Guest Post from BereavedSingleDad: Embracing The Happiness As Much As I Respect the Sadness

Hi lovely followers!

Gary has written another post that confronts feelings of guilt and happiness while grieving, and we are very proud to share it with you today! Make sure you check out his blog at bereavedsingledad.blog, it is truly inspiring.

Katie & Evee

Embracing the happiness as much as I respect the sadness.

I wrote these words a few weeks back but that’s a phrase I have been repeating to myself now for many months. It’s actually taken three years to get to this stage.  That’s where I am in 2020. It’s such a huge change in attitude for me. One which seemed impossible to contemplate when the world suddenly changed for me in 2016. 

One particular memory sticks with me from that time. It was a few months after my partners funeral and I was watching a movie with our young son. It was one of the Johnny English movies. There is one scene set in a cemetery where the bumbling spy disrupts a family funeral.  He even ended up dancing on the coffin, which he incorrectly suspected was filled with the Crown Jewels.  He only discovered his mistake when he asked one elderly gentleman what his role was in the crime and the response was – “I am the Hearse Driver”. I caught myself laughing at the graveyard antics. Suddenly I remembered the reality.  I’m grieving so I’m supposed to be sad.  My soulmate has just died. Her ashes are in the next room. It’s just not right that I’m laughing. It’s so wrong that I can find that scene so funny. Surely it makes me a bad person. An uncaring soul. And on and on.

That was my mindset back then. I can still hear the thoughts that continually rattled around my brain;

“I am in mourning it’s so wrong to laugh”,

“She’s not here to enjoy this so why should I”,

“Son needs to be happy, I don’t, I just pretend”,

“My life is over, just stop smiling, get on with crying”.

I battled those feelings for over a year. Too often they won. They dictated my behaviour.  To me it just seemed the right thing to do. There is no other word for it. It was debilitating. During that time I also mastered the skill of looking like I was happy. I could seamlessly put on a smiling mask and appear to be happy to the outside world.  I was pretending to be happy but not allowing myself to actually smile.  But slowly other words entered my thoughts. Thoughts like;

“She would want me to keep living”,

“For Son to be truly happy, I need to be happy as well”, 

“Not living is such a waste of a life”,

“It’s just as ok to be happy as it is to be sad”,

“Yes my old life is over BUT a new one has started”.

That last thought was the one that really made the penny finally drop for me. I can stand and look at my old life for as long as I want. The memories are so precious but that life is never going to reopen again. That life has stopped and no more memories can be created within it.  A new life has been opened and is still to be lived. I can still have my old memories in my new life. I can still grieve but I can also start to live again.

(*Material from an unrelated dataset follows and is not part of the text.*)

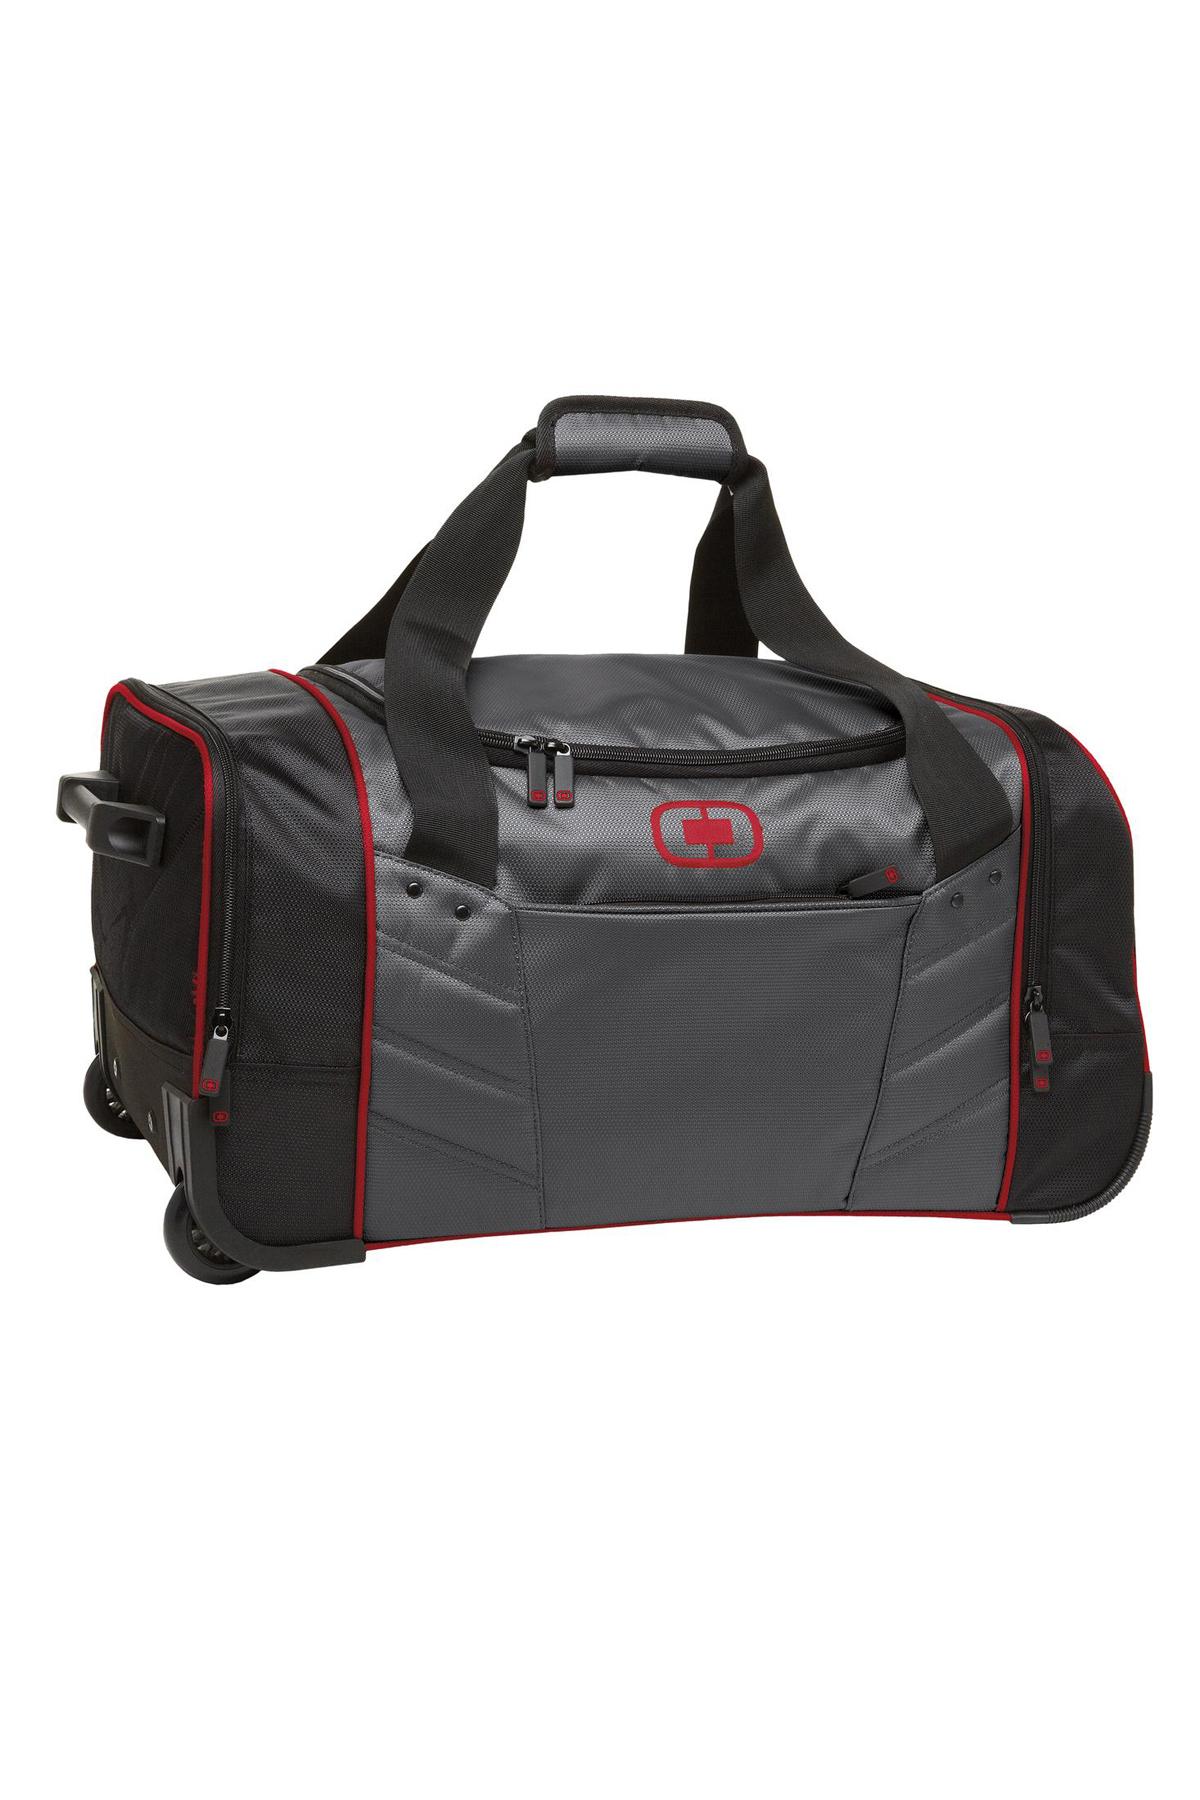 Bags-Duffels-4

I can do both.

So yes the old thoughts are still there but now they are mostly in the background. More often than not old memories bring smiles and happiness. I look back with so much love and thankfulness. I was truly blessed to have shared part of my life with that wonderful person. That part of me will always be there but my new life is underway. I now need to be the best parent I can possibly be for our Son.  I need to make this new life work for our Son and ME. Every so often grief will still inevitably wash over me just like the ocean tides.  I won’t fight that. It is what it is. It’s ok to be sad as Grief is just another word for Love.  I also now realise that these sad times will not last forever. They will pass. The grief tide will ebb away leaving my new life behind. 

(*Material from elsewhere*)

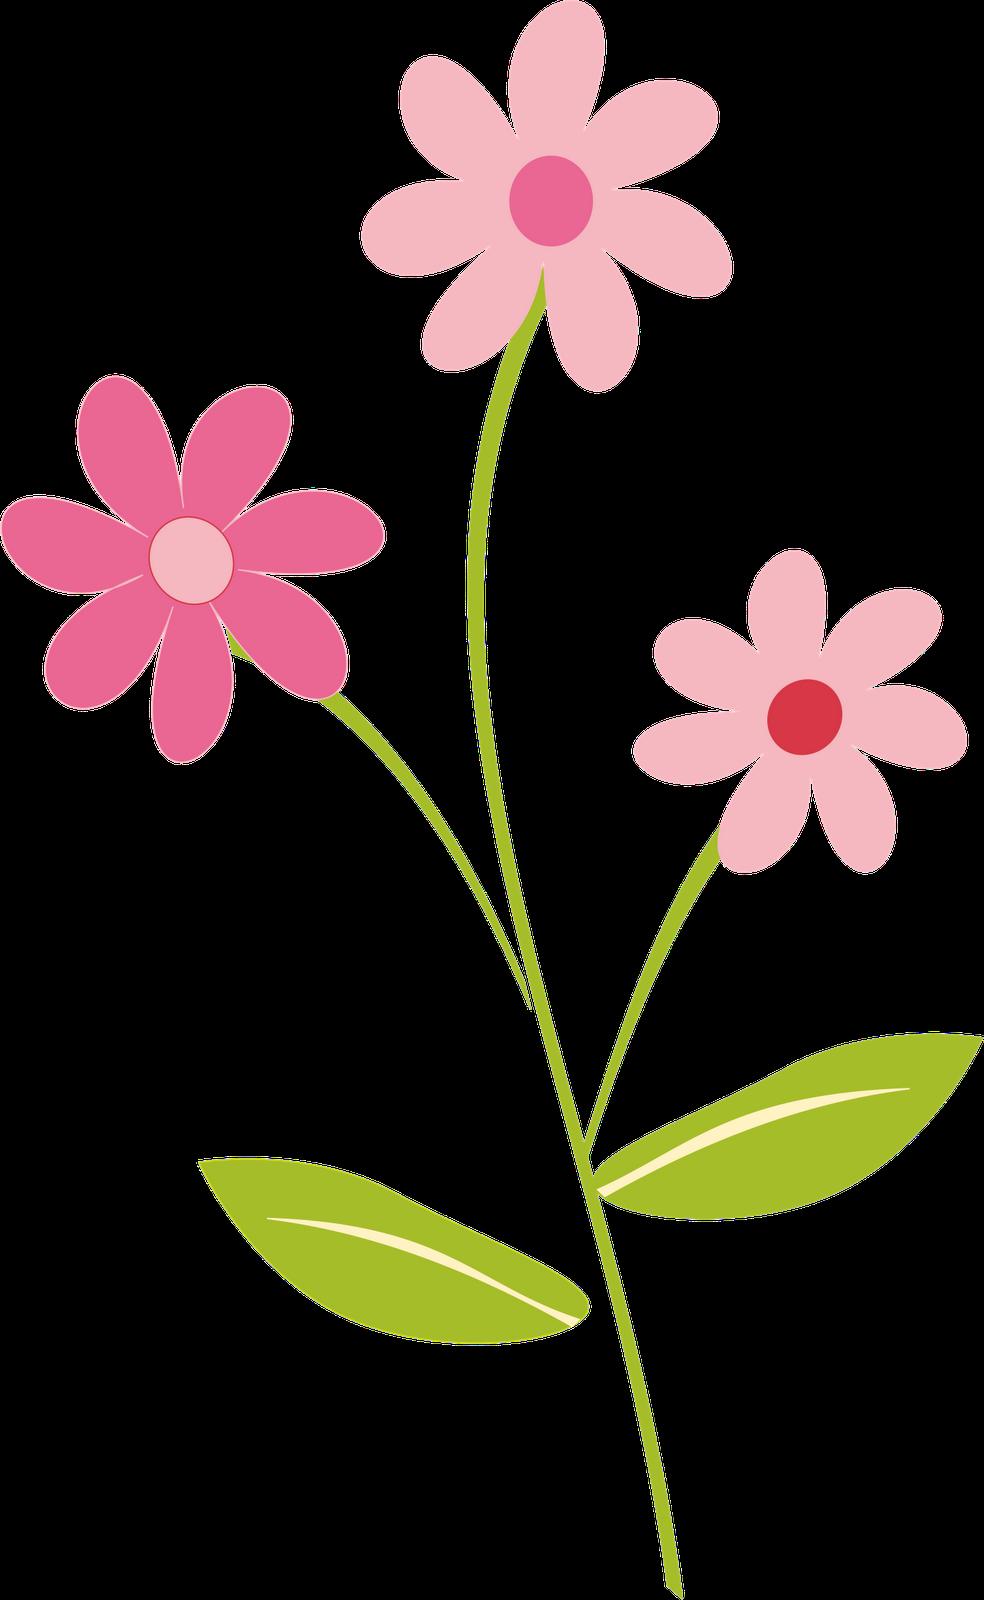 984x1600 Flowers Clip Art Border Png

So yes it’s ok to be happy and laugh. That’s my new life. Being happy and being that best parent I can be is the rent I need to pay for living on this planet. So tonight I might just watch that Johnny English movie again. If I do so then I will definitely laugh at the funeral scene. I will laugh because it is funny.

That’s called 

Embracing the happiness as much as I respect the sadness. 

19 thoughts on “Guest Post from BereavedSingleDad: Embracing The Happiness As Much As I Respect the Sadness

  1. Grieving and being sad whilst allowing yourself to be happy and live must be an extremely hard place to reach. I’m so glad to read this my friend. It shows you can hold those memories close to your heart but not allow them to swallow you up. That’s what I imagine your partner would have wanted for you and your son. Lovely heartfelt post.
    Claire x

    Liked by 4 people

  2. Being happy while grieving is exactly why I’ve told my daughters that when I pass, I want them to have a big party and share memories of all the silly, dumb and klutzy things I’ve done. I WANT them to laugh. Laughter is the best way to remember me because I believe laughter is one if the best things in life.